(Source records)
··········
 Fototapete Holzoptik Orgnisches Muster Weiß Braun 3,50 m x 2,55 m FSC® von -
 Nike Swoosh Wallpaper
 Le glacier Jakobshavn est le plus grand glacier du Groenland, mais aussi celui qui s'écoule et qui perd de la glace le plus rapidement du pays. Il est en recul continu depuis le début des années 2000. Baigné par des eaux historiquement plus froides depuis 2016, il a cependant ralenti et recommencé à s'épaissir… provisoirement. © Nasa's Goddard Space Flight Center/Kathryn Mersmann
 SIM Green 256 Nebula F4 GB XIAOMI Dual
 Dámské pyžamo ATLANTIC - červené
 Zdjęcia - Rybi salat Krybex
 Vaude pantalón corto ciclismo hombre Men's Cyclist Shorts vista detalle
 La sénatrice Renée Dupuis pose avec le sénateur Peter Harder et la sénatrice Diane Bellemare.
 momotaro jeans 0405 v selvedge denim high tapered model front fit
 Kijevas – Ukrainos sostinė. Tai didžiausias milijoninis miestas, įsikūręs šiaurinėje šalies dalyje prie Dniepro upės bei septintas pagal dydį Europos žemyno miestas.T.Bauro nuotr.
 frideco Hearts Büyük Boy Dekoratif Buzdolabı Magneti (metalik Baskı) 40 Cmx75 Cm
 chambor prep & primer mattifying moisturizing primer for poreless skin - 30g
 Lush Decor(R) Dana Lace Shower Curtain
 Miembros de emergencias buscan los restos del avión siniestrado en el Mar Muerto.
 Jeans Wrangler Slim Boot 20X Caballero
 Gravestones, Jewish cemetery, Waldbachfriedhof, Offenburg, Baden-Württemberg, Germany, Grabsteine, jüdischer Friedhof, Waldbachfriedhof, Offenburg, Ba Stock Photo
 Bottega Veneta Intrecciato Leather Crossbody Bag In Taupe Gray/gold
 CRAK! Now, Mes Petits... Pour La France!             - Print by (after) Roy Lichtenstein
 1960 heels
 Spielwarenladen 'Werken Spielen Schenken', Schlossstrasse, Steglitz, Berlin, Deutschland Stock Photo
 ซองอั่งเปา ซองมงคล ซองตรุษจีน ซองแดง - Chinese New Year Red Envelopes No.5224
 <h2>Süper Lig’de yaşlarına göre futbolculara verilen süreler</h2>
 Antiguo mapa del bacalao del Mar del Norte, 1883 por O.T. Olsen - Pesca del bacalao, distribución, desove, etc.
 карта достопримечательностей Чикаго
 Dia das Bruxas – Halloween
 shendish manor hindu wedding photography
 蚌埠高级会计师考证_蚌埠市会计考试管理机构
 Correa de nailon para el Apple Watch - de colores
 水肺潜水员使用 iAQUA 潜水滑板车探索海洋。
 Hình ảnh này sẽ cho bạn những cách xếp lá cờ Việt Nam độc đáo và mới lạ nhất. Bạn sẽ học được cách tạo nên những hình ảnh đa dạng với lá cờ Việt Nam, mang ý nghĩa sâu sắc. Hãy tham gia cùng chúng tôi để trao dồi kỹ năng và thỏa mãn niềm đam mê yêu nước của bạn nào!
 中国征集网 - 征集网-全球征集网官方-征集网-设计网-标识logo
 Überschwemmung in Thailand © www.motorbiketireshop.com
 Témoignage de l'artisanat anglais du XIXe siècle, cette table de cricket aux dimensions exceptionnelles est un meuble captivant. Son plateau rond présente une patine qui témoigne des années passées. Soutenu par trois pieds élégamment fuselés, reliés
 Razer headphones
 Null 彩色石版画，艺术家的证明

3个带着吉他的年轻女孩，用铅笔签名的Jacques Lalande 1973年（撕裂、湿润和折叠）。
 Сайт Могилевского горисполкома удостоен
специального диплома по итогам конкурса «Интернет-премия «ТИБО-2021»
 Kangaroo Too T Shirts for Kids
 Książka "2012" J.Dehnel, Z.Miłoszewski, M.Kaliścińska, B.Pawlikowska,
··········
Reproduce the entries exactly, starting at their first line and stopping after the line with "momotaro jeans 0405".

▶ [Task response]:
 Fototapete Holzoptik Orgnisches Muster Weiß Braun 3,50 m x 2,55 m FSC® von -
 Nike Swoosh Wallpaper
 Le glacier Jakobshavn est le plus grand glacier du Groenland, mais aussi celui qui s'écoule et qui perd de la glace le plus rapidement du pays. Il est en recul continu depuis le début des années 2000. Baigné par des eaux historiquement plus froides depuis 2016, il a cependant ralenti et recommencé à s'épaissir… provisoirement. © Nasa's Goddard Space Flight Center/Kathryn Mersmann
 SIM Green 256 Nebula F4 GB XIAOMI Dual
 Dámské pyžamo ATLANTIC - červené
 Zdjęcia - Rybi salat Krybex
 Vaude pantalón corto ciclismo hombre Men's Cyclist Shorts vista detalle
 La sénatrice Renée Dupuis pose avec le sénateur Peter Harder et la sénatrice Diane Bellemare.
 momotaro jeans 0405 v selvedge denim high tapered model front fit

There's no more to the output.